Single cells RNA profiling
Sample preparation
Single cells were prepared from POT, GEF1 and TRM4 cells. After centrifugation, single cells were washed with PBS and were re-suspended with a buffer (Ca++/Mg++ free PBS + 0.04% BSA) at 1,000 cells/µl.
Sequencing
Viability was confirmed to be > 90% in all samples using acridine orange/propidium iodide dye with LUNA-FL Dual Fluorescence Cell Counter (Logos Biosystems, L20001). Single cell suspensions were loaded on a Chromium Single Cell 3’ Chip (10X Genomics) and were run in the Chromium Controller to generate single-cell gel bead-in-emulsions using the 10X genomics 3’ Chromium v2.0 platform as per manufacturer’s instructions. Single-cell RNA-seq libraries were prepared according to the manufacturer’s protocol and the library quality was confirmed with a Bioanalyzer High-Sensitivity DNA Kit (Agilent, 5067-4627) and a Qubit dsDNA HS Assay Kit (ThermoFisher, Q32851). Samples were pooled up to three and sequenced on an Illumina HiSeq 4000 according to standard 10X Genomics protocol.
Data analysis
cellRanger (v2.1.1) was run on the raw data using GRCh38 annotation (v1.2.0). Output from cellRanger was loaded into the statistical computing environment R v3 (www.r-project.org) through the function load_cellranger_matrix_h5 from package cellranger (v1.1.0; genome = “GRCh38”). Datasets were merged according to gene names. Before normalization, a series of filtering steps was performed. Only those cells showing at least 1,500 detected genes and 5,000 UMIs were considered for further analyses (Torre et al., 2018). Reads mapping on mitochondrial genes were excluded.

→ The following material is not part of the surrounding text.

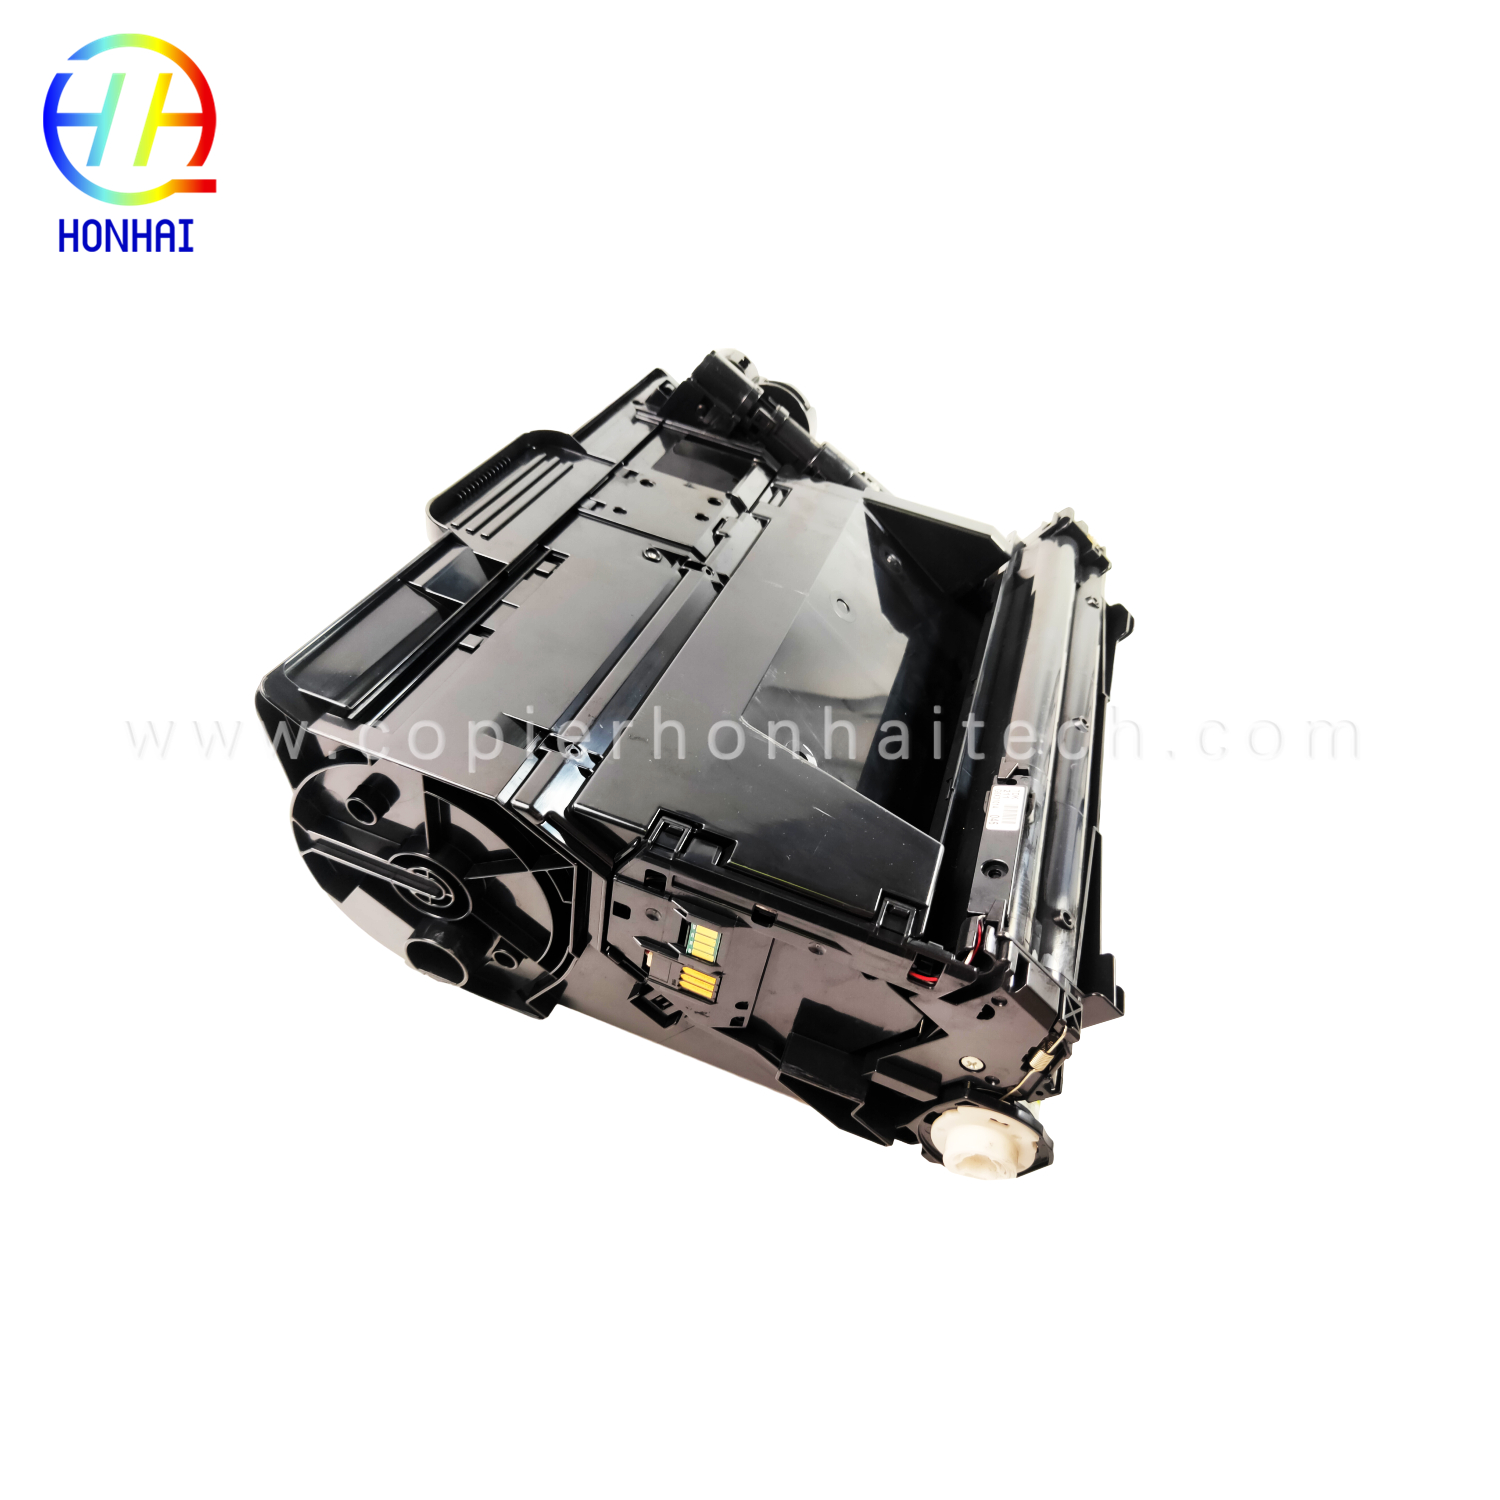 Drum Cartridge for Xerox Phaser 3610 WorkCentre 3615 3655 3655i 113R00773 113R773 Drum Unit

After that, data were imported in Seurat (v2.3.4) (Butler et al., 2018) and scaled (NormalizeData function using normalization.method = “LogNormalize”, scale.factor = 10000, followed by the ScaleData function). A further filtering step was performed based on the cumulative level of expression (the sum of the Seurat-scaled values) of three housekeeping genes (GAPDH, RPL26 and RPL36) (Lin et al., 2018). Manual inspection of these values versus the number of UMIs per cell (or the number of genes with non-zero expression per cell) revealed no significant correlation between the two. Nevertheless, a number of cells showed extremely low expression of these genes, so those in the bottom 1% were excluded from further analyses. At last, genes expressed in less than 20 cells were also excluded. Linear normalization and scaling were performed again on the filtered, raw data. Variable genes were identified using the FindVariableGenes function of Seurat (mean.function = ExpMean, dispersion.function = LogVMR, x.low.cutoff = 0.01, x.high.cutoff = 6, y.cutoff = 0.01, num.bin = 100). Principal component analysis (PCA) was run using variable genes as input and, based on p-values estimated by the JackStraw function, the top 44 components were kept. These components were used as input for further dimensionality reduction (using t-Distributed Stochastic Neighbor Embedding; t-SNE) through the RunTSNE function (perplexity = 50, do.fast = TRUE, seed.use=44). Clusters were then identified using FindClusters (resolution = 0.6).
Data Access
Sequence data have been deposited at the European Genome-phenome Archive (EGA), which is hosted by the EBI and the CRG, under accession number EGAS00001003200. Further information about EGA can be found on https://ega-archive.org.
Acknowledgments
A.S. is supported by the Wellcome Trust (202778/B/16/Z), Cancer Research UK (A22909) and the Chris Rokos Fellowship in Evolution and Cancer. We acknowledge funding from the National Institute of Health (NCI U54 CA217376) to A.S. and C.C.M. This work was also supported a Wellcome Trust award to the Centre for Evolution and Cancer (105104/Z/14/Z). U.B. is supported by The NIHR (RP-2016-07-28), CRUK (A25128, A22897) and by an NIHR Biomedical Research Centre Grant to the Institute of Cancer Research and The Royal Marsden NHS Foundation Trust. C.C.M. was supported in part by NIH grants U54 CA217376, P01 CA91955, R01 CA170595, R01 CA185138 and R01 CA140657 as well as CDMRP Breast Cancer Research Program Award BC132057 and an Arizona Investigator Grant ADHS18-198847. We thank Michael Hubank, Eleni Koutroumanidou and Debbie Hughes for technical support.